La stabilité avant tout. Aux antipodes des soixante-huitards, les nouvelles générations d’Allemands ne votent plus écolos et n’aspirent plus à une révolution de gauche. “Elles rêvent d’une maison au vert et d’une relation stable”, résume Stephan Grünewald, cofondateur de l’Institut Rheingold, spécialisé dans les études de marché. Est-ce la peur de ne pas pouvoir accéder à cet idéal qui pousse de plus en plus de jeunes vers le camp conservateur, voire réactionnaire ? D’après la dernière étude sur la jeunesse allemande, publiée par l’économiste Simon Schnetzer en avril dernier, l’adhésion aux idées de l’extrême droite parmi les jeunes de 14 à 29 ans a progressé de 9 % à 22 % entre 2022 et 2024. “Les gens qui se sentent menacés sont plus susceptibles de voter AfD“, analyse Kilian Hampel, le co-auteur de cette étude publiée annuellement depuis 2020.

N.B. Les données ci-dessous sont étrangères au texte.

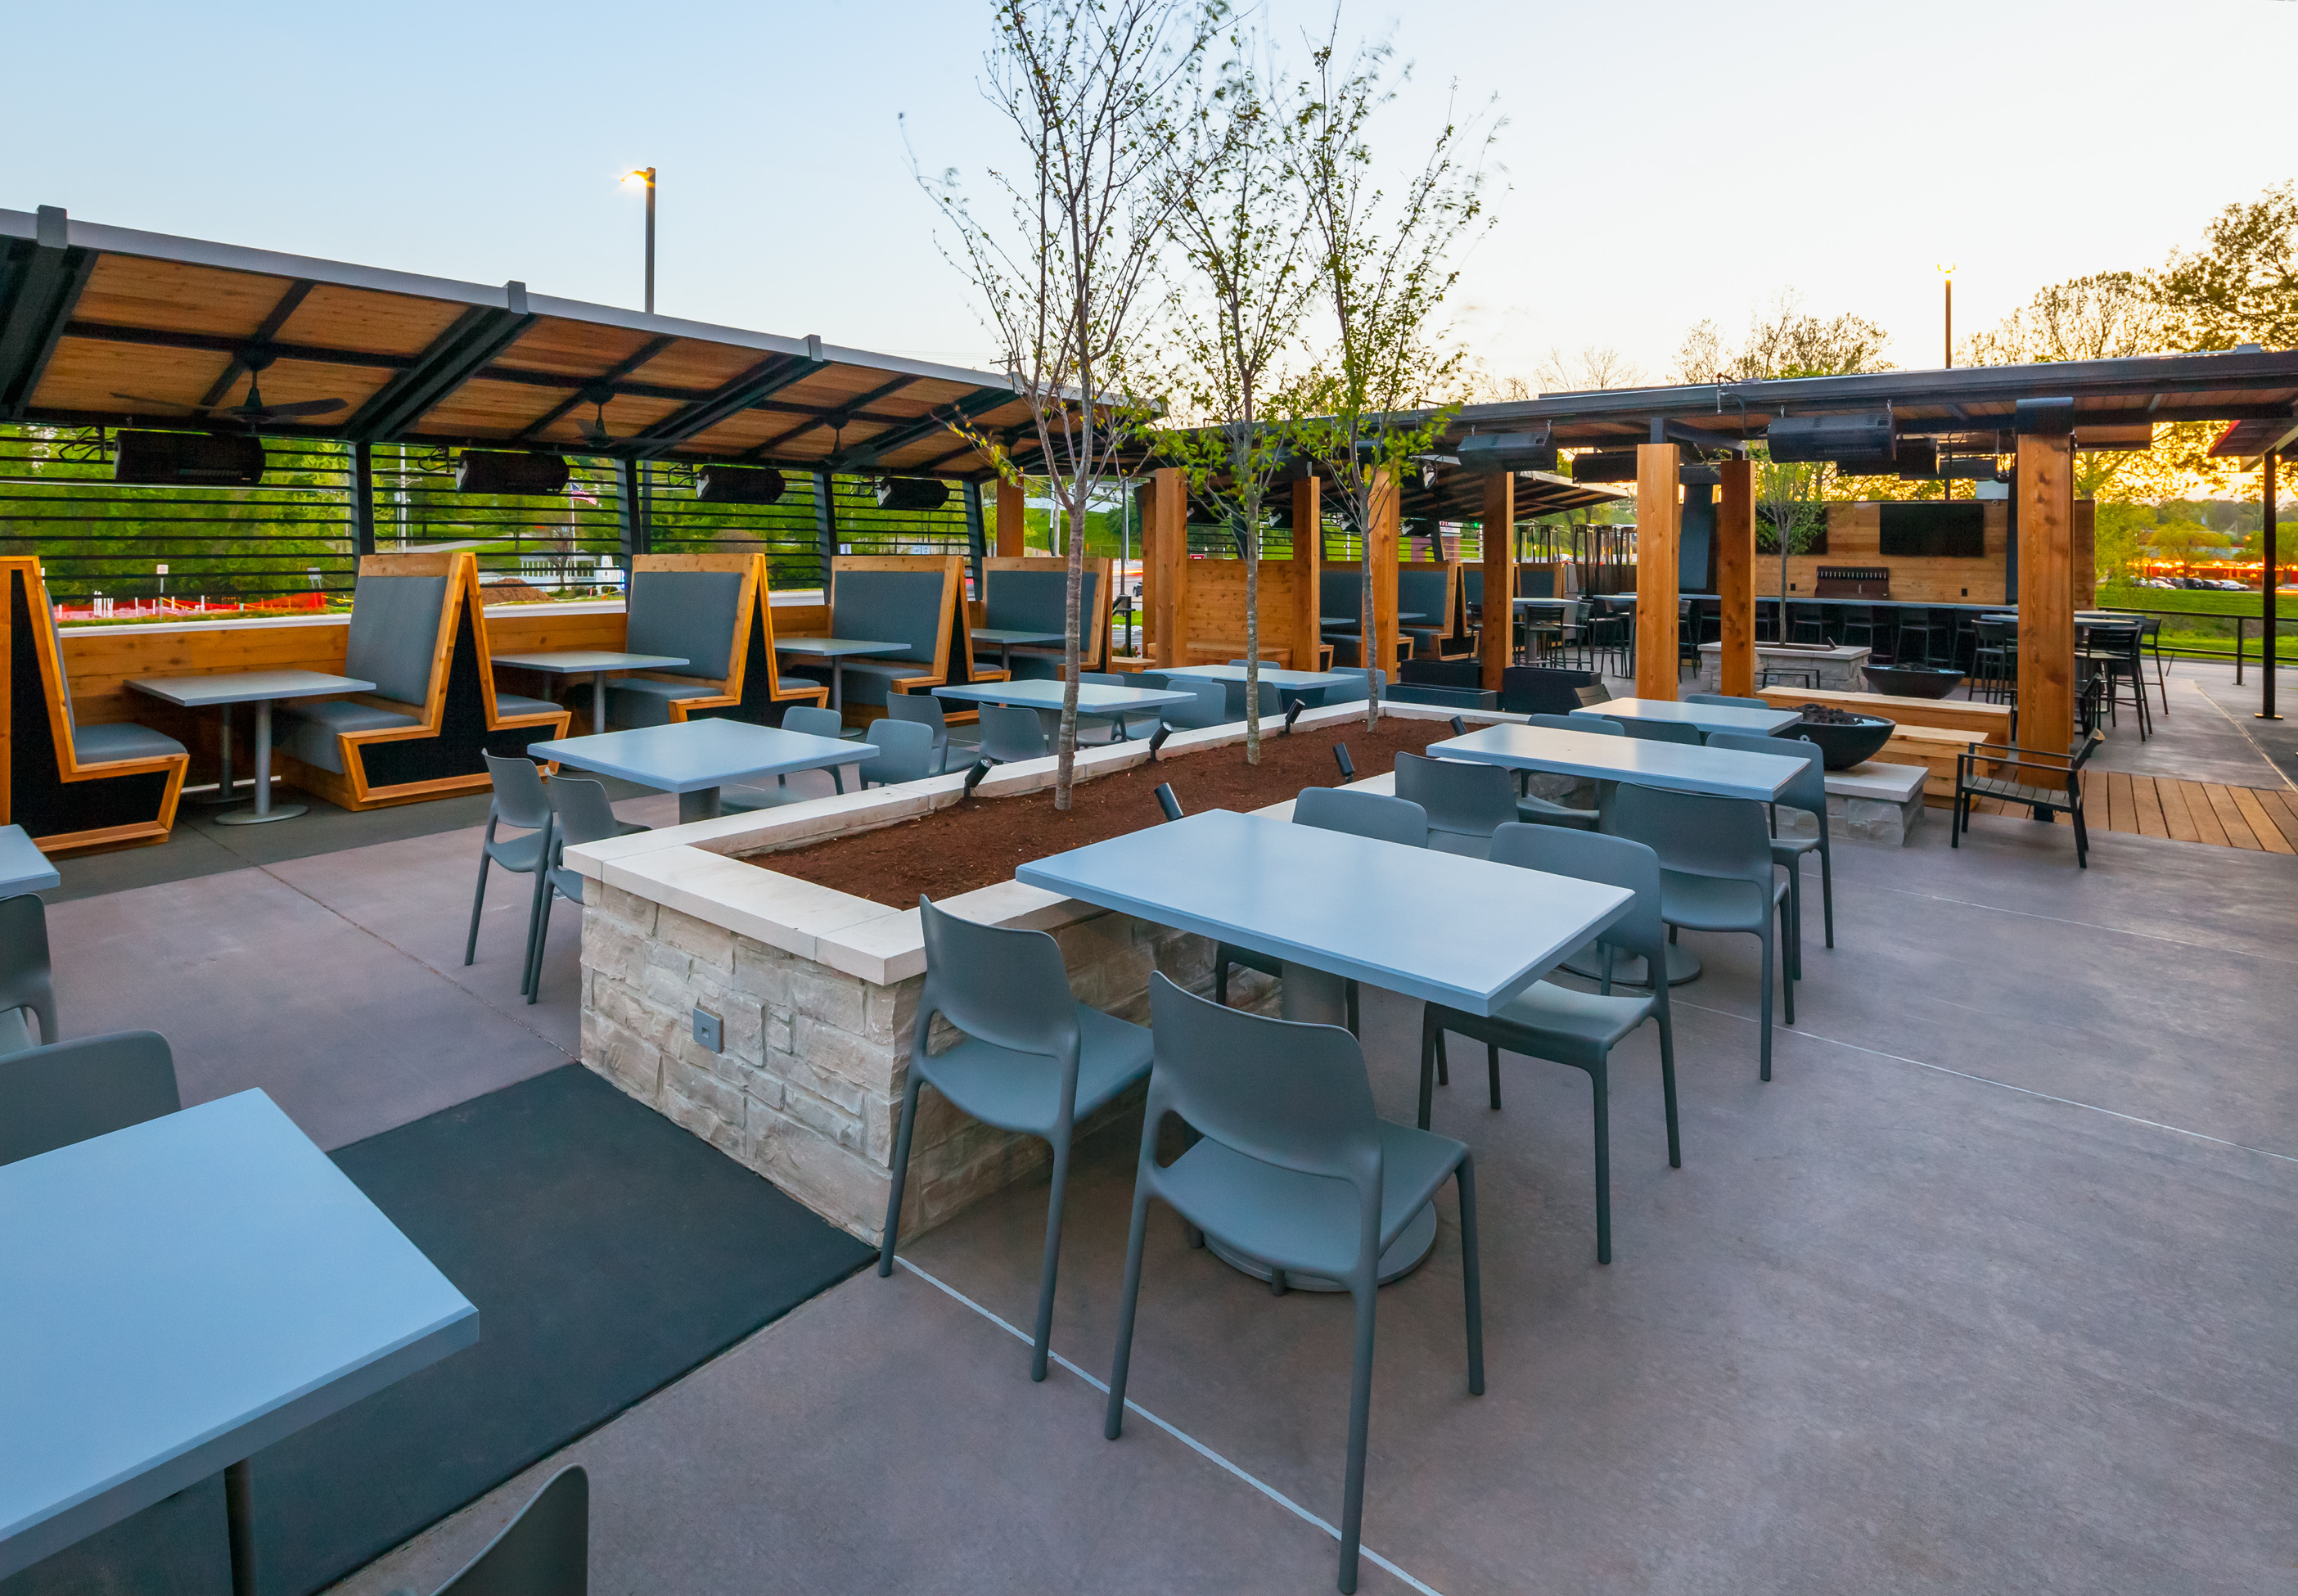 The patio features both ipe and cedar woods, and the concrete has two different colors to differentiate between seating areas.

Les élections européennes ont confirmé ces tendances. Près de 16 % des 16 à 24 ans ont accordé leur voix à l’AfD (Alternative für Deutschland), en progression de 11 points par rapport au scrutin de 2019, selon les sondages de l’institut Infratest-dimap. L’expression d’un mécontentement diffus ou d’un rejet du gouvernement pour certains, mais pas seulement. Plus de 50 % ont choisi l’extrême droite “par conviction”. Le glissement vers la droite est général : 17 % de jeunes ont également voté pour l’Union chrétienne-démocrate (CDU/CSU).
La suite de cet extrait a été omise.